I'd like to clear up a few things about balanced and unbalanced lines. Basically, a balanced line has three components: Signal +, Signal -, and Shield.

Signal +: See curve1.gif
Signal -: See curve2.gif

When you get noise in your line, the noise affects all of the lines in the same way. Therefore + and - get the same amount of noise on them, and in the same polarity.

Signal +: See curve3.gif
Signal -: See curve4.gif

At the other end of the line, the device _flips_ the Signal - wave and adds it to the Signal + wave. This effectively cancels the noise that was on the line and leaves you with the signal you started with:

Signal: See curve5.gif

The astute reader will notice that this is incompatible with how most devices emit stereo signals over a three-pin connector. Thus, if you attempt to use a three-pin TRS to XLR adaptor, you'll end up with Ground on Pin 1, left on pin 2, and right on pin 3. Then, right will be flipped and combined with left at the other end, leaving you with a horrible sounding result. If you want to go stereo, split it up into two XLR connectors.
BTW, while it is true that many XLR connections are used with mics, that certainly does not preclude using XLR connections with line-level equipment, and indeed most consoles output their mains over an XLR connector. If you want to feed a line-level XLR signal into your console, just set the gain to the U or 0 mark. And if it's still too hot, see if your console has a pad switch.


----------



## PhantomD (Sep 9, 2006)

Aaaaarrrgh!

This is the exact problem we are having at my school. Two years ago, we had a projector installed permanently into our hall/theatre. I recommended that they set it up so that we went with a projector that had a wired remote over 3mm stereo cable (*cough* Sony *cough*), and then wire the remote and video cabling into our Control Booth, which would acheive two things:

1) Everything could be controlled from the one place, eliminating communication issues.
2)The 3mm stereo output on the laptop (or computer) could be plugged straight into the RCA inputs on our audio mixer

Did that happen? NO!

They went for the "cheapie" option - wired the projector inputs backstage (beside our dimmers too darnit - don't need too many people treading around there), and we are now stuck with this exact same problem described above - we have been experiencing far less than satisfactory mono audio resulting from having to convert the stereo output of the laptop backstage to mono XLR, then sending it via multicore to our mixer, then out through the speakers! And to add insult to injury, they are determined to blame it on EVERYTHING except this ridiculous system we've been landed with - "it's the laptop" or "maybe it's the DVD".

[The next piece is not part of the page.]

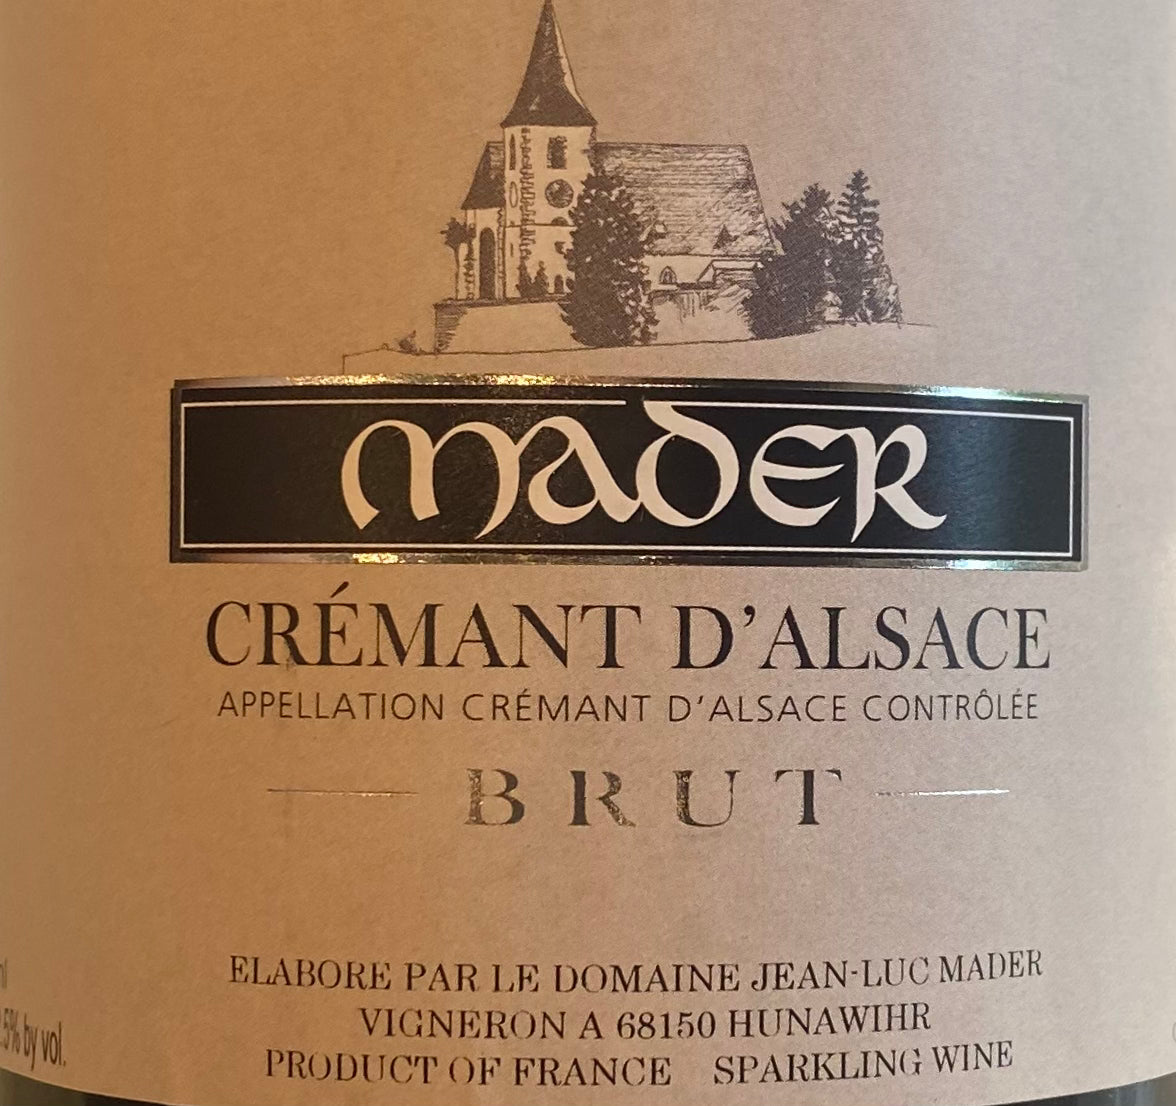 Mader - Cremant d'Alsace
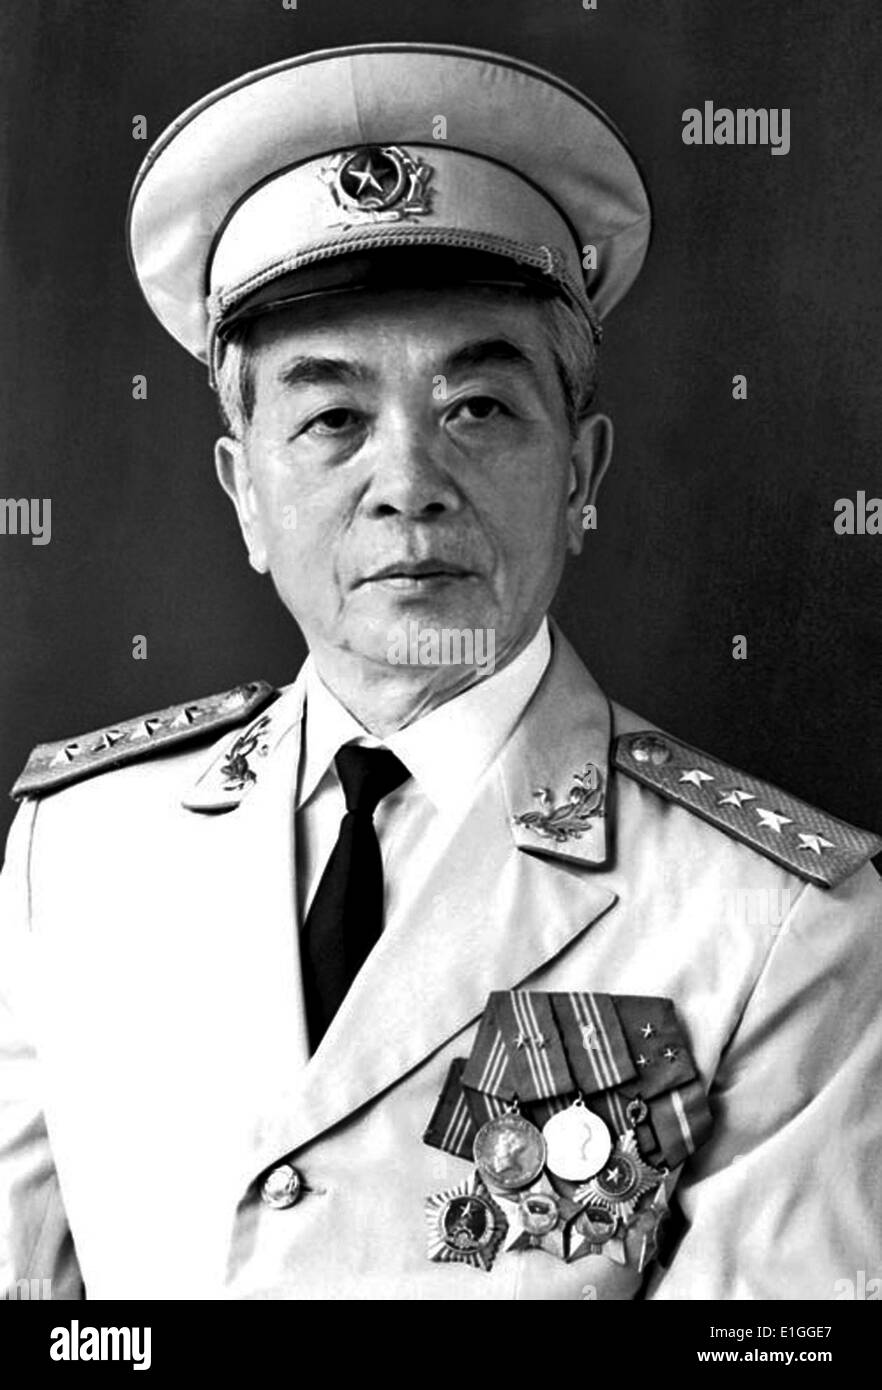 Võ Nguyên Giáp 1911 - 4 Oktober 2013) Allgemein in der vietnamesischen Volksarmee und Politiker. Er zuerst zum Vorsprung wuchs während des Zweiten Weltkriegs, wo er als militärischer Führer der Viet Minh Widerstand gegen die japanische Besatzung Vietnam serviert. Giáp war Commander in zwei Kriegen: Der erste Indochina Krieg (1946-54) und der Vietnam Krieg (1960 - 1975). Er beteiligte sich an der folgenden historisch bedeutenden Schlachten: Lạng Sơn (1950), Hòa Binh (1951-52), Điện Biên Phủ (1954), das Tết Offensive (1968), die Ostern Offensive (1972), und der abschließende Ho Chi Minh Kampagne (1975). Stockfoto

Also it doesn't help when one half of your "team" is backstage holding a remote and starting a presentation at the same time, while somebody else has to tweak the sound up in the booth!

I have found a temporary way to fix the problem though - I don't insert the 3mm jack all the way into the laptop, obtaining a "tip" signal (I think) - this fixes up all problems. However, in this scenario, it would appear that we only get the left channel!

Arrrrgggh!

PS
The fact that our network ports are on the other side of the stage to the laptop doesn't help either - and there are no network ports in the Control Booth.


----------



## Peter (Sep 9, 2006)

Yes, you are only getting one channel when you plug the 1/8th inch cable half way in. I forget if it's the right or the left, but the short of it is that you are indeed only grabbing half the signal and thus you arnt subtracting this one signal from the other signal and getting the messed up sound described before.  Also to keep in mind along this line on pluging stuff half way in, you can make a 'direct out' out of an insert plug on a mixing board by pluging a 1/4inch TRS cable half way into the insert plug. (just be careful not to let it get pushed in all the way half way during a show or that input will stop working all of a sudden!)


----------



## cutlunch (Sep 9, 2006)

PhantomD said:


> Aaaaarrrgh!
> 
> I have found a temporary way to fix the problem though - I don't insert the 3mm jack all the way into the laptop, obtaining a "tip" signal (I think) - this fixes up all problems. However, in this scenario, it would appear that we only get the left channel!
> Arrrrgggh!



Phantom I used the circuit below in a school to cover this problem. 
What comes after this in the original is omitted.